Genesis 15:19 - Ellicott's Commentary On The Whole Bible

Bible Comments

The Kenites. — An Arab race, found both among the Amalekites in the south (1 Samuel 15:6) and among the tribes of Naphtali and Zebulon in the north (Judges 4:11), and even in Midian, as Jethro, the father-in-law of Moses, is called a Kenite (Judges 1:16). Balaam speaks of them as being a powerful nation (Numbers 24:21), and this wide dispersion of them into feeble remnants seems to show that they were a race of early settlers in Canaan, who, like the Rephaim, had been overpowered and scattered by subsequent immigrants. They were uniformly friendly to Israel.

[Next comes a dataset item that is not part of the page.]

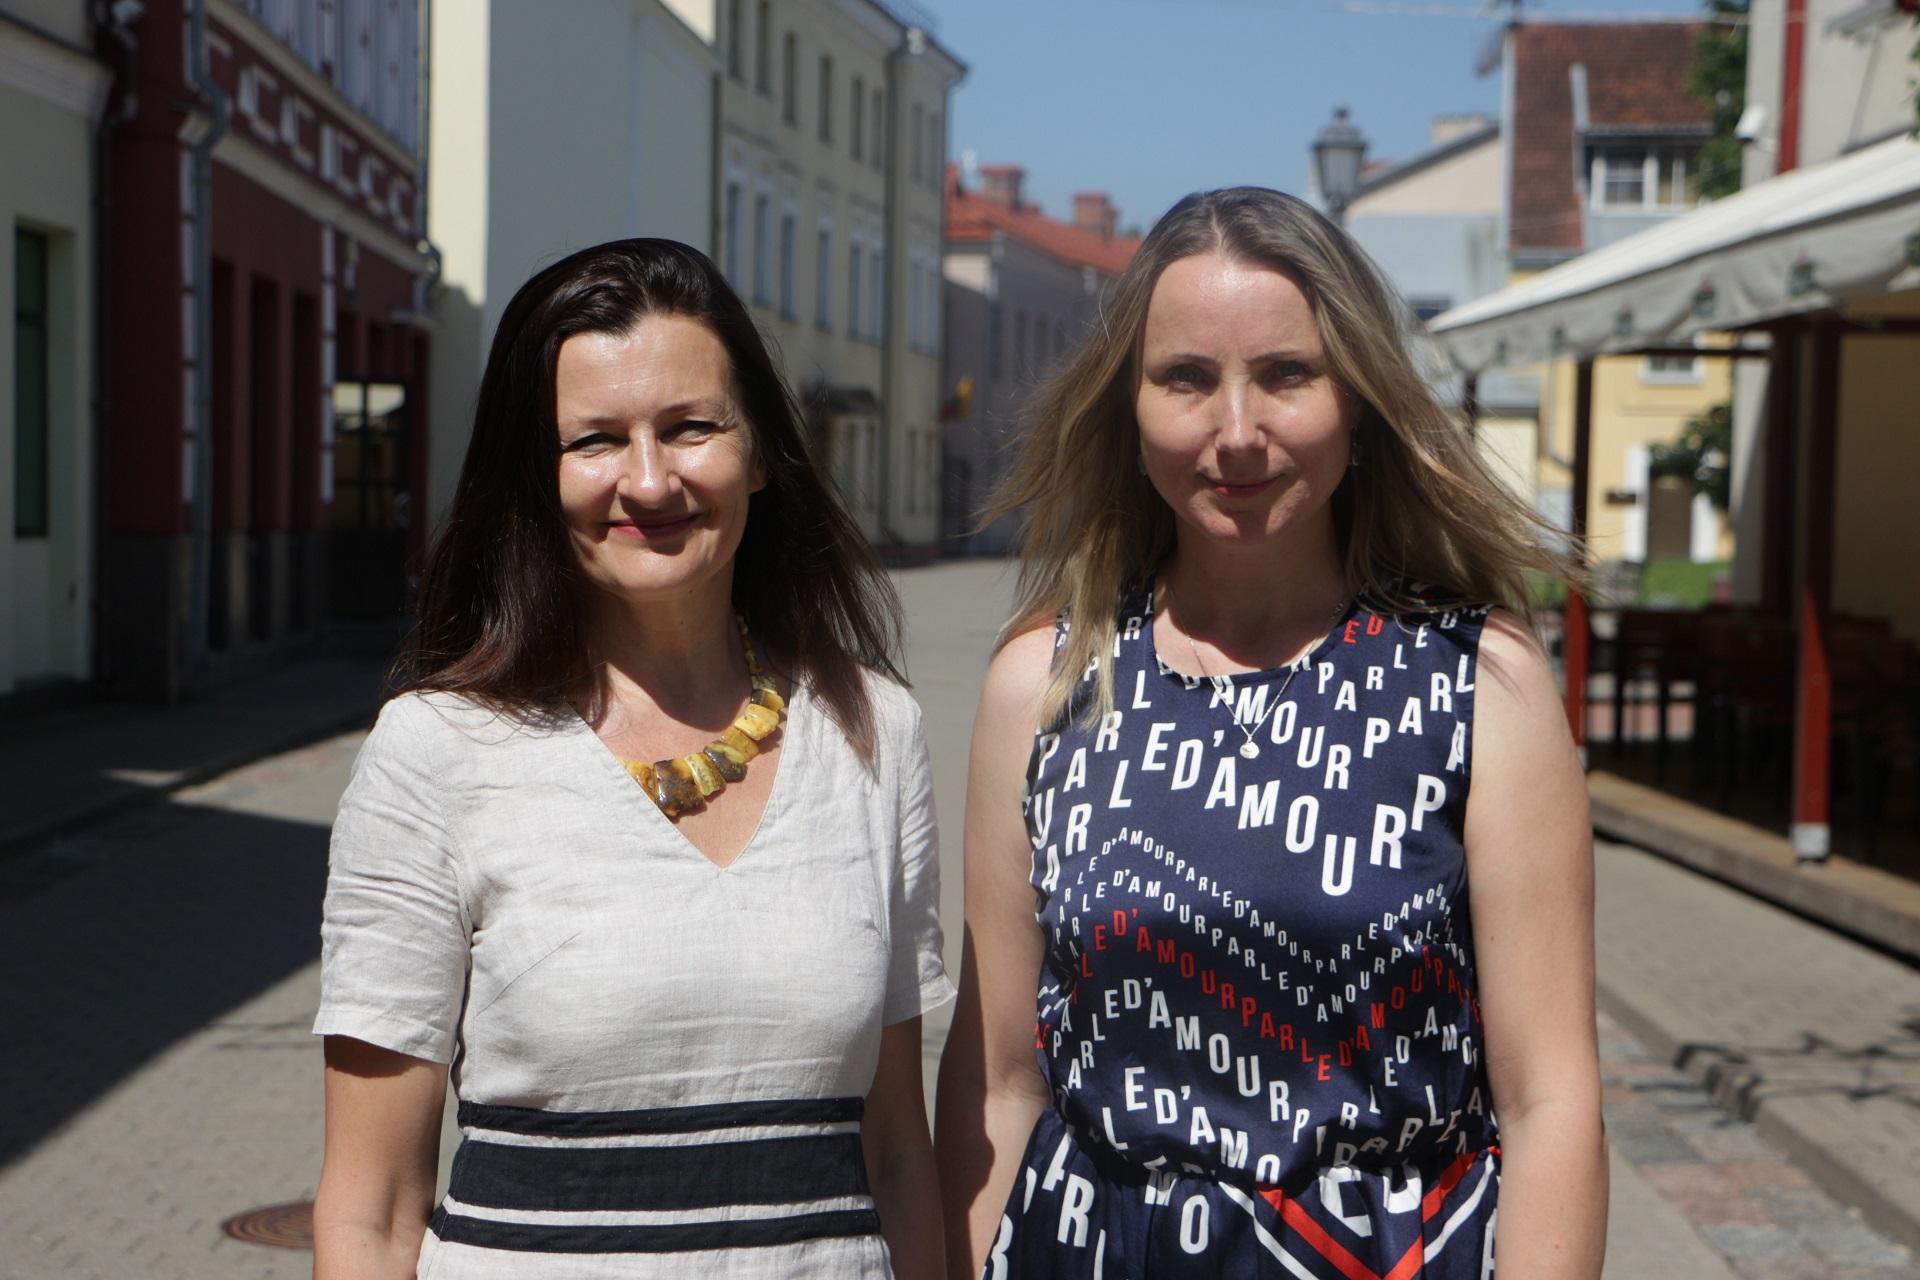 """Žinomos kino kūrėjos prodiuserė Živilė Gallego (dešinėje) ir režisierė Inesa Kurklietytė mūsų miesto gatves jau visai netrukus pavers didele kino aikštele– Kėdainiuose bus kuriamas ilgametražis nuotykių filmas vaikams """"Drugelio širdis"""". Aldo Surkevičiaus nuotr."""
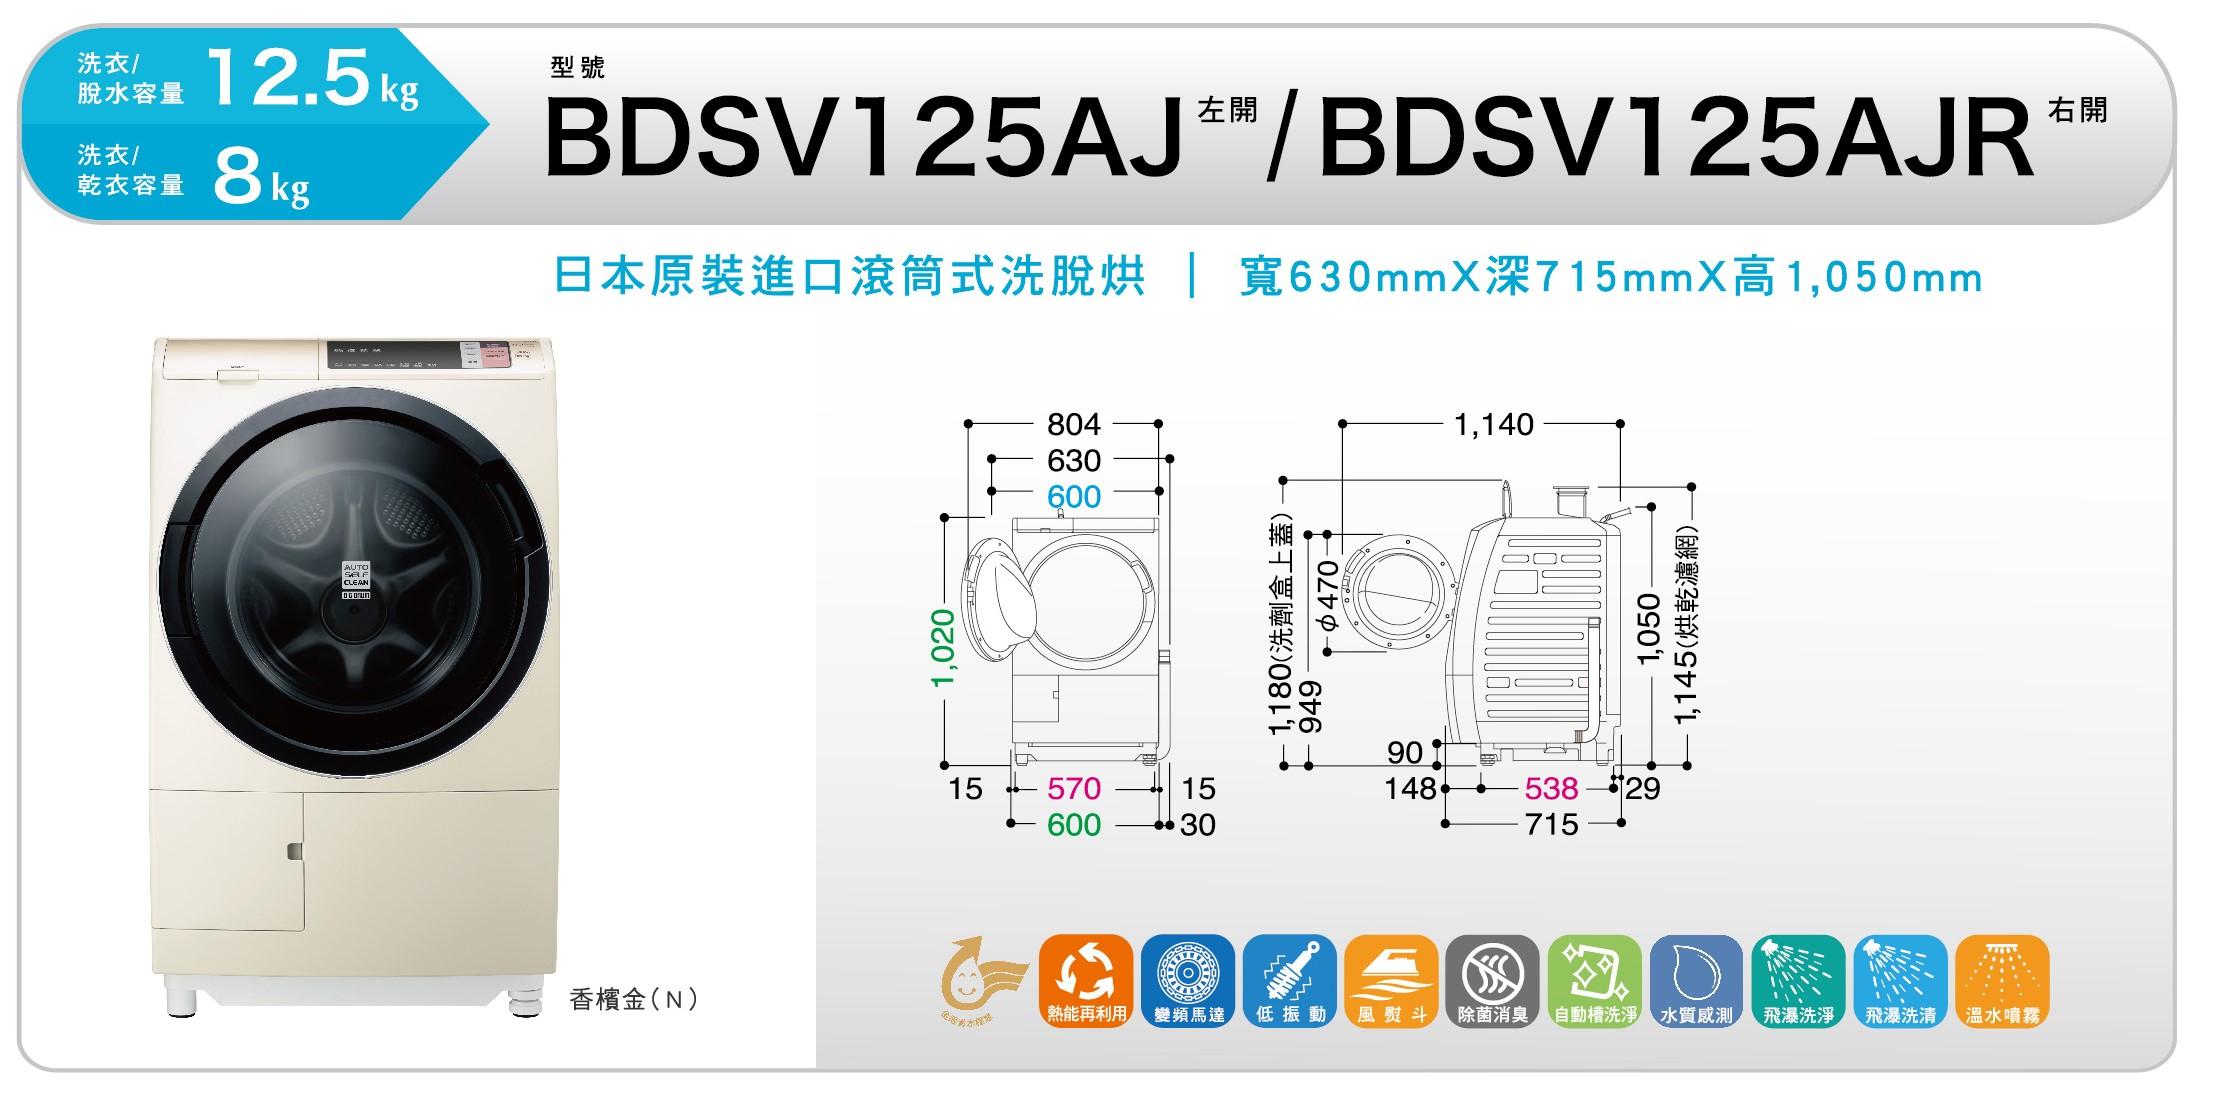 擺動式溫水尼加拉飛瀑滾筒洗脫烘BDSV125AJ左開 BDSV125AJR右開

The Kenizzites. — The chief fact of importance connected with this race is that Caleb was a Kenezite (Numbers 32:12). Apparently with his clan he joined the Israelites at the Exodus, and was numbered with the tribe of Judah. Kenizzite and Kenezite are two ways of spelling the same Hebrew word, the former being right.

The Kadmonites. — This may mean either an eastern or an ancient people, of whom we know nothing.

For the Perizzites see Genesis 13:7; for the Rephaims, Genesis 14:5; and for the rest, Genesis 10:15-18.